A lock from one Client usually allows other Clients to view (navigate/read) the locked element. Servers may choose to implement an exclusive locking where other Clients have no access at all (e.g. in cases where even read operations require certain settings in a TopologyElement).

When locking a TopologyElement, the lock applies to the complete TopologyElement (including all components such as blocks or modules).

Servers may allow independent locking of component TopologyElements, if no lock is applied to the top-level TopologyElement.

If the Online/Offline model is supported (see 7.3), the lock always applies to both the online and the offline version.

When locking a Network, the lock applies to the Network and all connected TopologyElements. If any of the connected TopologyElements provides access to a sub-ordinate Network (like a gateway), the sub-ordinate Network and its connected TopologyElements are locked as well.

The LockingServicesType provides the Methods needed to lock or unlock. Figure 34 shows the LockingServicesType definition. It is formally defined in Table 54.

image037.png

Figure 34 – LockingServicesType

Table 54 – LockingServicesType definition

Attribute

Value

BrowseName

LockingServicesType

IsAbstract

False

References

NodeClass

BrowseName

DataType

TypeDefinition

ModellingRule

Subtype of the BaseObjectType defined in OPC 10000-5.

HasComponent

Method

InitLock

Mandatory

HasComponent

Method

RenewLock

Mandatory

HasComponent

Method

ExitLock

Mandatory

HasComponent

Method

BreakLock

Mandatory

HasProperty

Variable

0:DefaultInstanceBrowseName

QualifiedName

PropertyType

HasProperty

Variable

Locked

Boolean

PropertyType

Mandatory

HasProperty

Variable

LockingClient

String

PropertyType

Mandatory

HasProperty

Variable

LockingUser

String

PropertyType

Mandatory

HasProperty

Variable

RemainingLockTime

Duration

PropertyType

Mandatory

The StatusCode Bad_MethodInvalid shall be returned from the Call Service for Objects where locking is not supported. Bad_UserAccessDenied shall be returned if the Client User does not have the permission to call the Methods.

The DefaultInstanceBrowseName Property – defined in OPC 10000-3 – is used to specify the recommended BrowseName for instances of the LockingServicesType. Its Value is defined in Table 55.

Table 55 – LockingServicesType Additional Variable Attributes

Source Path

Value

Description

0:DefaultInstanceBrowseName

Lock

The following LockingServices Properties offer lock-status information.

Locked when True indicates that this element has been locked by some Client and that no or just limited access is available for other Clients.

LockingClient contains the ApplicationUri of the Client as provided in the CreateSession Service call (see OPC 10000-4).

LockingUser contains the identity of the user. It is obtained directly or indirectly from the UserIdentityToken passed by the Client in the ActivateSession Service call (see OPC 10000-4).

RemainingLockTime denotes the remaining time in milliseconds after which the lock will automatically be timed out by the Server. This time is based upon MaxInactiveLockTime (see 8.3.4).

The support of LockingServices for an Object is declared by aggregating an instance of the LockingServicesType as illustrated in Figure 35.

image038.png

Figure 35 – LockingServices

This Object is used as container for the LockingServices Methods and Properties and should have the BrowseName Lock.
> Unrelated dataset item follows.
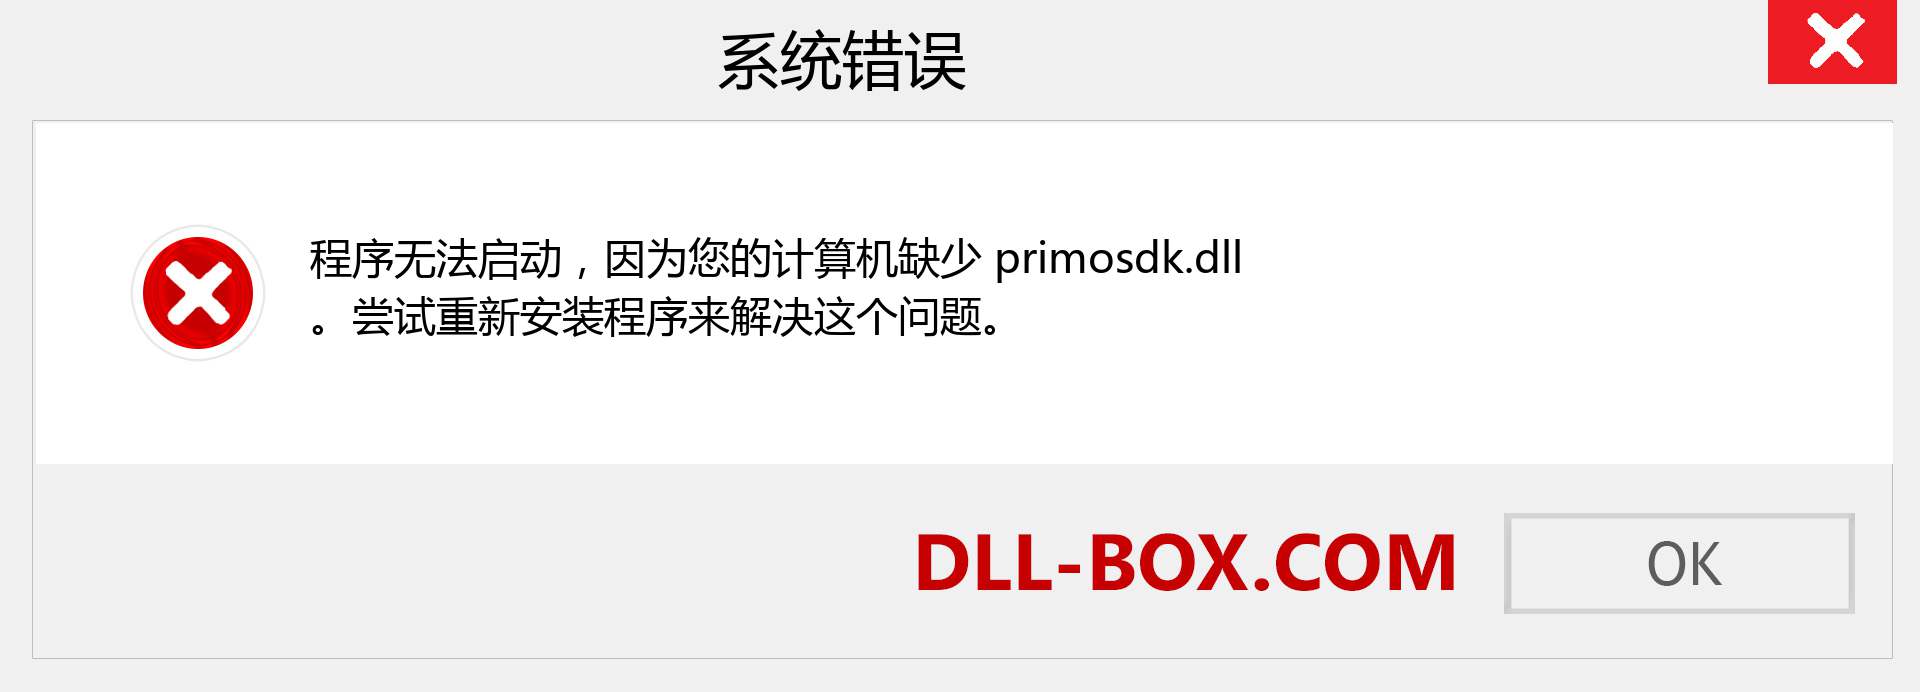 primosdk.dll 文件丢失？。 适用于 Windows 7、8、10 的下载 - 修复 Windows、照片、图像上的 primosdk dll 丢失错误

HasComponent or HasAddIn are used to reference from a TopologyElement (for example, a Device) to its “LockingServices” Object.

The LockingServiceType and each instance may share the same Methods. All Properties are distinct.

The MaxInactiveLockTime Property shall be added to the ServerCapabilities Object (see OPC 10000-5).

It contains a Server-specific period of time in milliseconds until which the Server will revoke the lock. The Server will initiate a timer based on this time as part of processing the InitLock request. Calling the RenewLock Method as well as other Service calls from the Client for the locked element shall reset the timer. The lock will never be disabled during execution of a Service that requires a lock.

Inactivity for MaxInactiveLockTime will trigger a timeout. As a result the Server will release the lock.

A timeout shall not cancel any already executing Services like Write.

The MaxInactiveLockTime Property is formally defined in Table 56.

Table 56 – MaxInactiveLockTime Property definition

References

NodeClass

BrowseName

DataType

TypeDefinition

ModellingRule

HasProperty

Variable

MaxInactiveLockTime

Duration

PropertyType

Mandatory

InitLock restricts access for other Clients.

A call of this Method for an element that is already locked will be rejected. This may also be due to an implicit lock created by the Server. If InitLock is requested for a Network, it will be rejected if any of the Devices connected to this Network or any sub-ordinate Network including their connected Devices is already locked.

While locked, requests from other Clients to modify the locked element (e.g., writing to Parameters, modifying the topology, or invoking Methods) will be rejected. However, requests to read or navigate will typically work. Servers may choose to implement an exclusive locking where other Clients have no access at all (e.g. in cases where even read operations require certain settings in a TopologyElement).

The lock is removed when ExitLock is called. It is automatically removed when the Session ends. This is typically the case when the connection to the Client breaks and the Session times out. Servers shall also maintain an automatic unlock if Clients do not access the locked element for a certain time (see 8.3.4).

The signature of this Method is specified below. Table 57 and Table 58 specify the arguments and AddressSpace representation, respectively.

Signature

InitLock(

[in] String Context,

[out] Int32 InitLockStatus);

Table 57 – InitLock Method Arguments

Argument

Description

Context

A string used to provide context information about the current activity going on in the Client.

InitLockStatus

0 – OK

-1 – E_AlreadyLocked – the element is already locked

-2 – E_Invalid – the element cannot be locked

Table 58 – InitLock Method AddressSpace definition

Attribute

Value

BrowseName

InitLock

References

NodeClass

BrowseName

DataType

TypeDefinition

ModellingRule

HasProperty

Variable

InputArguments

Argument[]

PropertyType

Mandatory

HasProperty

Variable

OutputArguments

Argument[]

PropertyType

Mandatory

ExitLock removes the lock. This Method may only be called from the same Session from which InitLock had been called.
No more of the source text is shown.